The effects of stacking mode and thickness on the frictional behaviour of multilayer silicene

Understanding the contact behaviour of 2D materials in nanoscale is of great importance for their applications. In the present work, molecular dynamics simulation is employed to study the frictional behaviour of the AA′ and AB stacked multilayer silicene for up to 4 layers placed on the weakly adhesive amorphous SiO(2) substrate with a sliding AFM tip. During the sliding process, the AFM cantilever represented by virtual atoms moves with the velocity of 2 m s(−1) along the zigzag direction under a load of 2 nN at 300 K. The stick-slip frictional behaviour shows high sensitivity to the number of layers. As the thickness increases, the friction force first increases from the monolayer to bilayer and then decreases from the bilayer to 4-layer, which shows an exotic tendency for the first time among all the reported lamellar materials to date where the friction usually decreases monotonically with thickness. For all the investigated thicknesses, the friction on AA′-stacked silicene is slightly larger than the AB stacked counterpart, and the difference diminishes with increasing thickness. The frictional behaviour of AA′ bilayer presents the highest peak force with evolving weakening phenomenon induced by a phase transition to the planar structure.

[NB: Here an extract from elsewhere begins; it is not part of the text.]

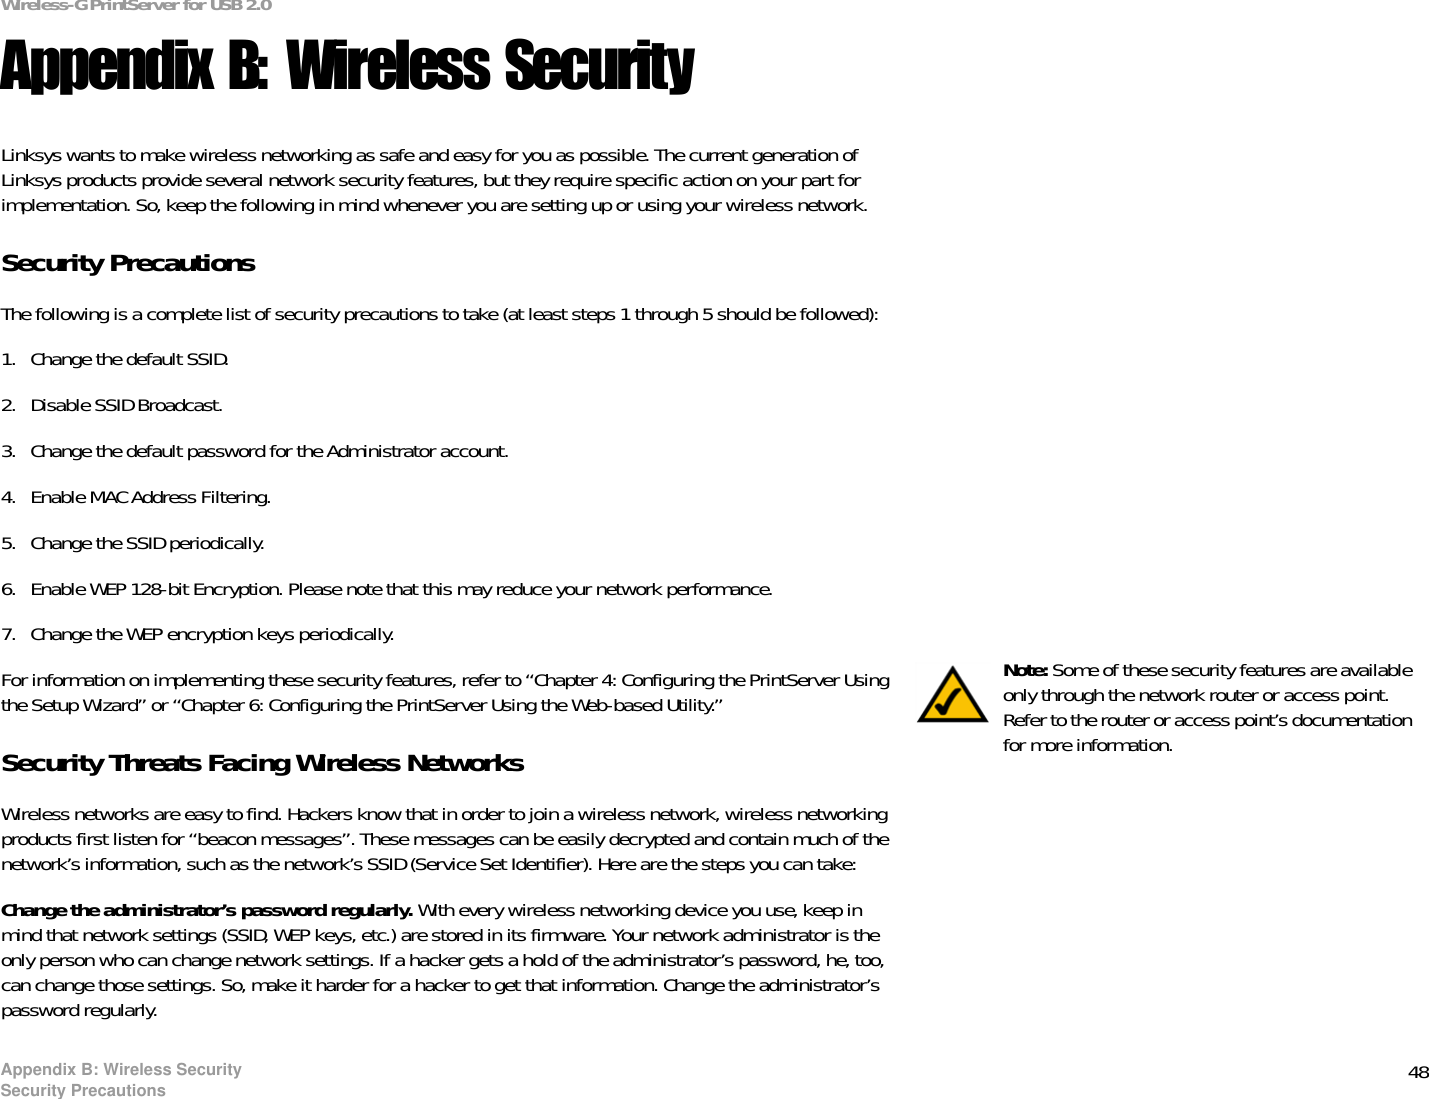 48Appendix B: Wireless SecuritySecurity PrecautionsWireless-G PrintServer for USB 2.0Appendix B: Wireless SecurityLinksys wants to make wireless networking as safe and easy for you as possible. The current generation of Linksys products provide several network security features, but they require specific action on your part for implementation. So, keep the following in mind whenever you are setting up or using your wireless network.Security PrecautionsThe following is a complete list of security precautions to take (at least steps 1 through 5 should be followed):1. Change the default SSID. 2. Disable SSID Broadcast. 3. Change the default password for the Administrator account. 4. Enable MAC Address Filtering. 5. Change the SSID periodically. 6. Enable WEP 128-bit Encryption. Please note that this may reduce your network performance. 7. Change the WEP encryption keys periodically. For information on implementing these security features, refer to “Chapter 4: Configuring the PrintServer Using the Setup Wizard” or “Chapter 6: Configuring the PrintServer Using the Web-based Utility.”Security Threats Facing Wireless Networks Wireless networks are easy to find. Hackers know that in order to join a wireless network, wireless networking products first listen for “beacon messages”. These messages can be easily decrypted and contain much of the network’s information, such as the network’s SSID (Service Set Identifier). Here are the steps you can take:Change the administrator’s password regularly. With every wireless networking device you use, keep in mind that network settings (SSID, WEP keys, etc.) are stored in its firmware. Your network administrator is the only person who can change network settings. If a hacker gets a hold of the administrator’s password, he, too, can change those settings. So, make it harder for a hacker to get that information. Change the administrator’s password regularly.Note: Some of these security features are available only through the network router or access point. Refer to the router or access point’s documentation for more information.

Herein, we analyze the frictional force distribution on the tip with kurtosis and skewness as measurement parameters for the commensurability and rigidity components, respectively. The contact area between silicene and the diamond tip is compared for different silicene morphologies. The result shows an affinity between friction and rigidity of multilayer silicene, which is closely related to the interlayer covalent bonds and limited shear between sublayers.